The 1 is a separator that's been excluded from the alphabet, so it can never appear in the HRP or the data. The checksum is a BCH code modulo a generator over GF(2³⁰):

function bech32Polymod(values) {
  const GEN = [0x3b6a57b2, 0x26508e6d, 0x1ea119fa, 0x3d4233dd, 0x2a1462b3];
  let chk = 1;
  for (const v of values) {
    const top = chk >>> 25;
    chk = ((chk & 0x1ffffff) << 5) ^ v;
    for (let i = 0; i < 5; i++) {
      if ((top >>> i) & 1) chk ^= GEN[i];
    }
  }
  return chk >>> 0;
}

This catches 100% of single-character errors and the vast majority of two-character errors. The choice of generator polynomial isn't arbitrary; it was derived to maximise that error-detection guarantee against the most common typing mistakes (sipa's notes on the math are worth a read).

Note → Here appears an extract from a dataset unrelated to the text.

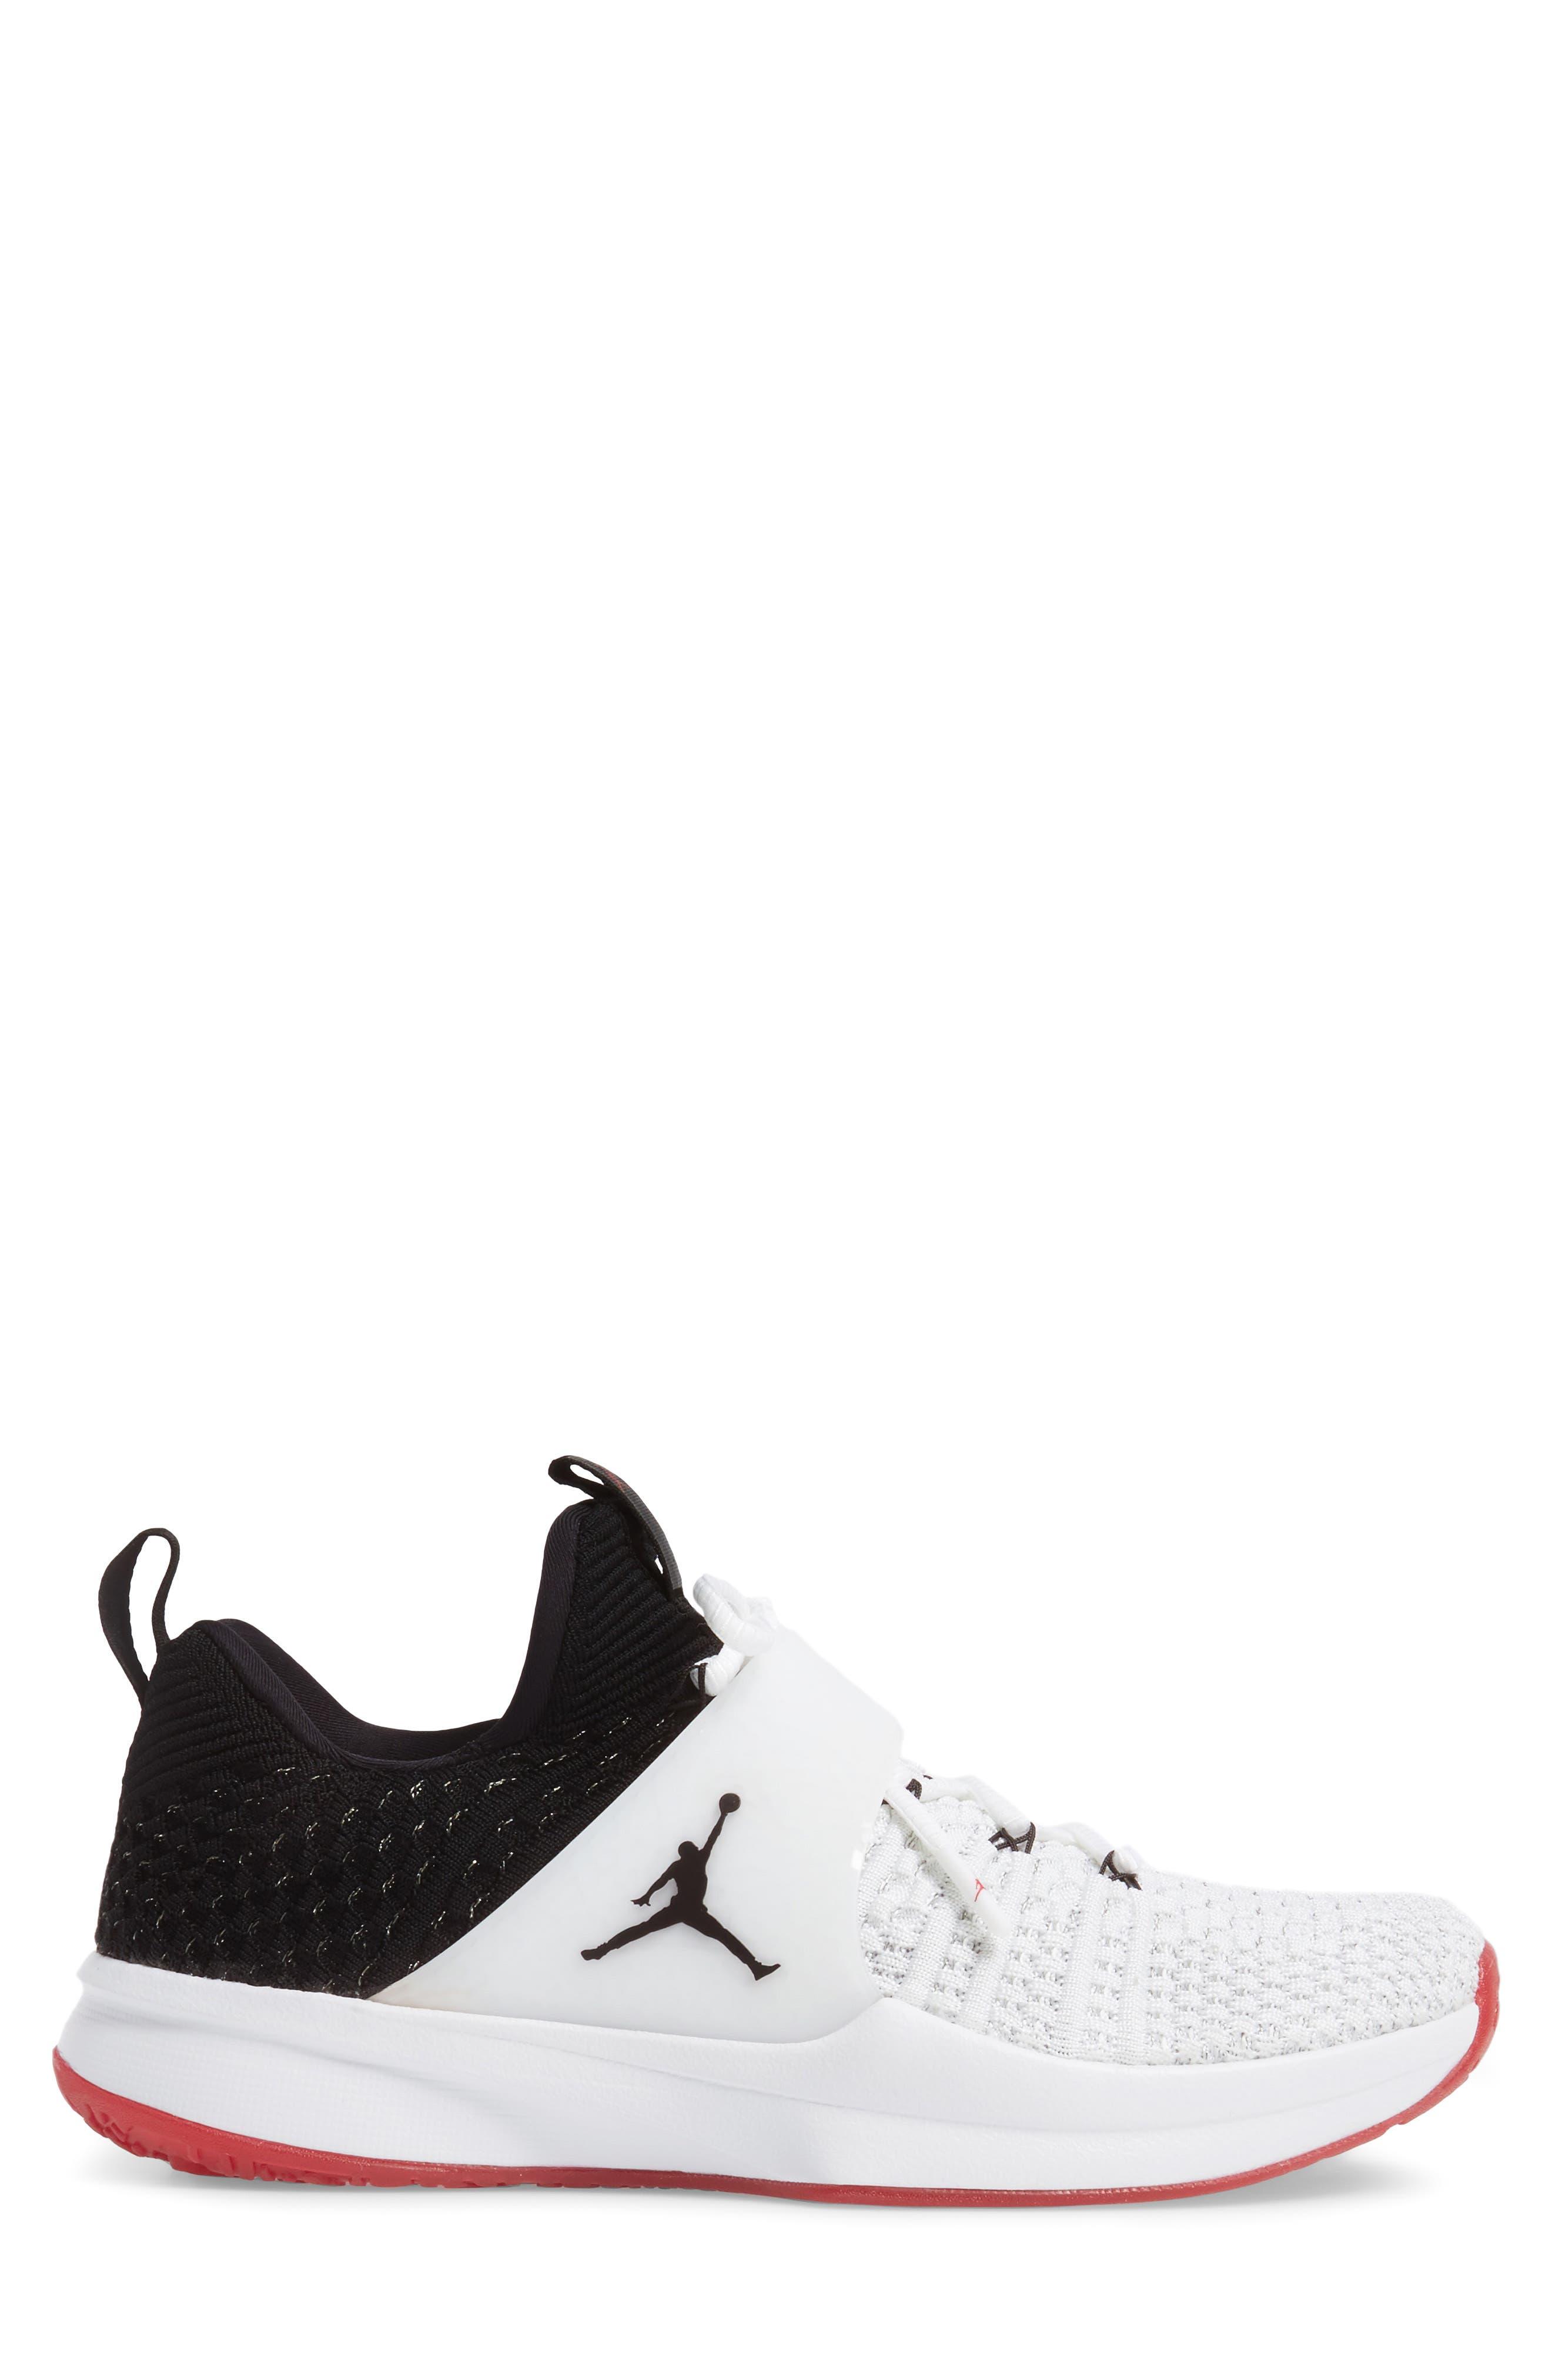 Jordan Flyknit Trainer 2 Low Sneaker,                             Alternate thumbnail 3, color,                             WHITE/ BLACK/ BLACK/ GYM RED

The Bech32m post-mortem (BIP-0350)

In 2020, a class of two-character "insertion + deletion" errors was found to slip past Bech32. The fix: a new variant Bech32m with a different final XOR constant (0x2bc830a3 instead of Bech32's 1). Crucially, the BIP-0350 deployment plan split by witness version:

Witness version	Encoding
0 (P2WPKH, P2WSH)	bech32 (legacy, kept for compatibility)
1+ (Taproot)	bech32m (new)

Both formats coexist in the wild. The implementation must check both polymod constants, then verify the variant matches the witness version:

const variant =
  poly === BECH32_CONST  ? "bech32"  :
  poly === BECH32M_CONST ? "bech32m" : null;
const variantOk =
  (witnessVersion === 0 && variant === "bech32") ||
  (witnessVersion >= 1 && variant === "bech32m");

Accepting bech32m for v0 (or vice versa) is technically a wallet bug — it means an address that looks valid but came from a buggy generator might be accepted, leading to lost funds. Worth the discipline to keep the check strict.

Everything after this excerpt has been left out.